As we can see, the Random Forest model performs poorly with the basic hyper-parameters and the provided dataset. We are now trying a smarter approach to tune the model hyper-parameters.

***
## In the search of the best parameters for the algorithm

We are going to use `GridSearchCV` method for searching the best hyper-parameters for the learning model.

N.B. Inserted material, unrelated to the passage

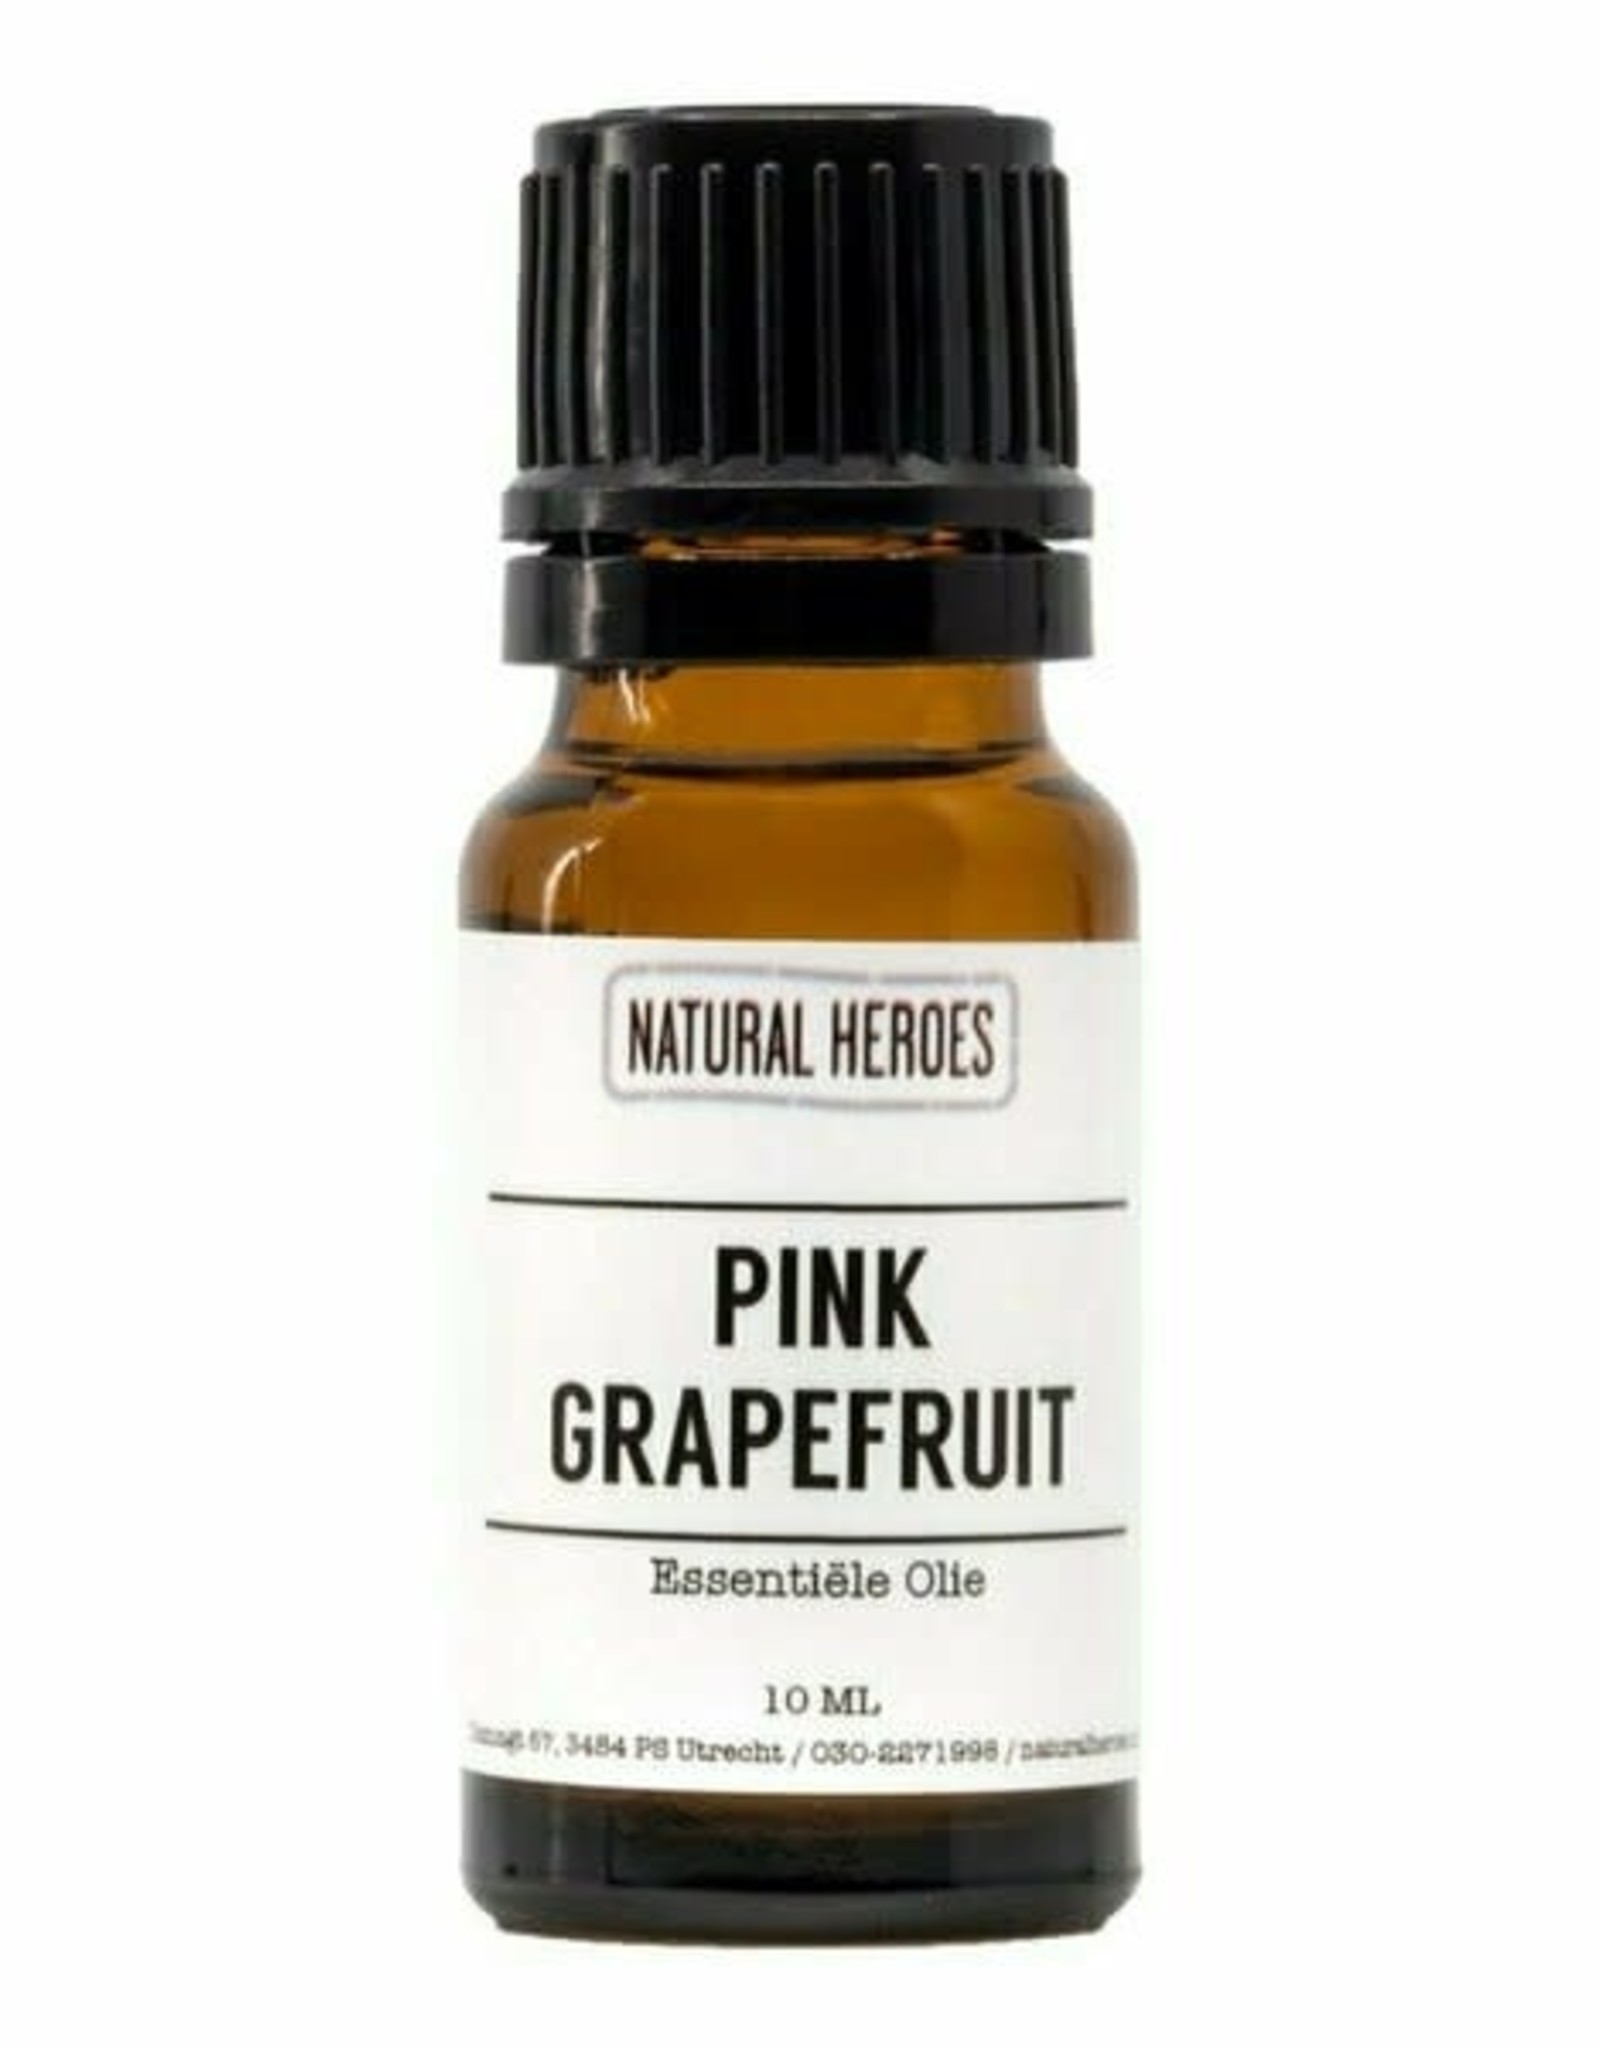 Natural Heroes Pink Grapefruit Essentiële Olie 10ml

The hyper-parameter we are going to optimize is `n_estimator` which represents the number of trees in the forest (default to 10).

In [71]:
rfc = RandomForestClassifier()
parameters = { 'n_estimators': range(60, 101) }

gs = GridSearchCV(rfc, param_grid = parameters, cv = 10)
gs.fit(X, Y)

GridSearchCV(cv=10, error_score='raise',
       estimator=RandomForestClassifier(bootstrap=True, class_weight=None, criterion='gini',
            max_depth=None, max_features='auto', max_leaf_nodes=None,
            min_samples_leaf=1, min_samples_split=2,
            min_weight_fraction_leaf=0.0, n_estimators=10, n_jobs=1,
            oob_score=False, random_state=None, verbose=0,
            warm_start=False),
       fit_params={}, iid=True, n_jobs=1,
       param_grid={'n_estimators': [60, 61, 62, 63, 64, 65, 66, 67, 68, 69, 70, 71, 72, 73, 74, 75, 76, 77, 78, 79, 80, 81, 82, 83, 84, 85, 86, 87, 88, 89, 90, 91, 92, 93, 94, 95, 96, 97, 98, 99, 100]},
       pre_dispatch='2*n_jobs', refit=True, scoring=None, verbose=0)

In [73]:
# Getting some grid search optimization values
print gs.best_params_
print gs.best_score_

{'n_estimators': 79}
0.841068917018


In [78]:
# In this case, the best estimator is:
rfc_optimal = gs.best_estimator_

In [75]:
print gs.score(X, Y)
print gs.score(X_test, Y_test)

0.98452883263
0.741573033708


In [76]:
rfc_optimal.feature_importances_

array([ 0.0495754 ,  0.04293062,  0.25870171,  0.27087136,  0.01299723,
        0.00731293,  0.01394788,  0.24671798,  0.03317335,  0.01182045,
        0.0519511 ])

In [79]:
# Calculating the F1 score, based on the confusion_matrix
cm = confusion_matrix(Y_test, rfc_optimal.predict(X_test))
cm

array([[80, 29],
       [17, 52]])

In [83]:
f1_score = 2 * cm[0][0] / float(2 * cm[0][0] + cm[0][1] + cm[1][0])
f1_score

0.77669902912621358

We can observe that using grid search cross-validation on Random Forest hyper-parameters improved the model score, but is still low compared to other learning models.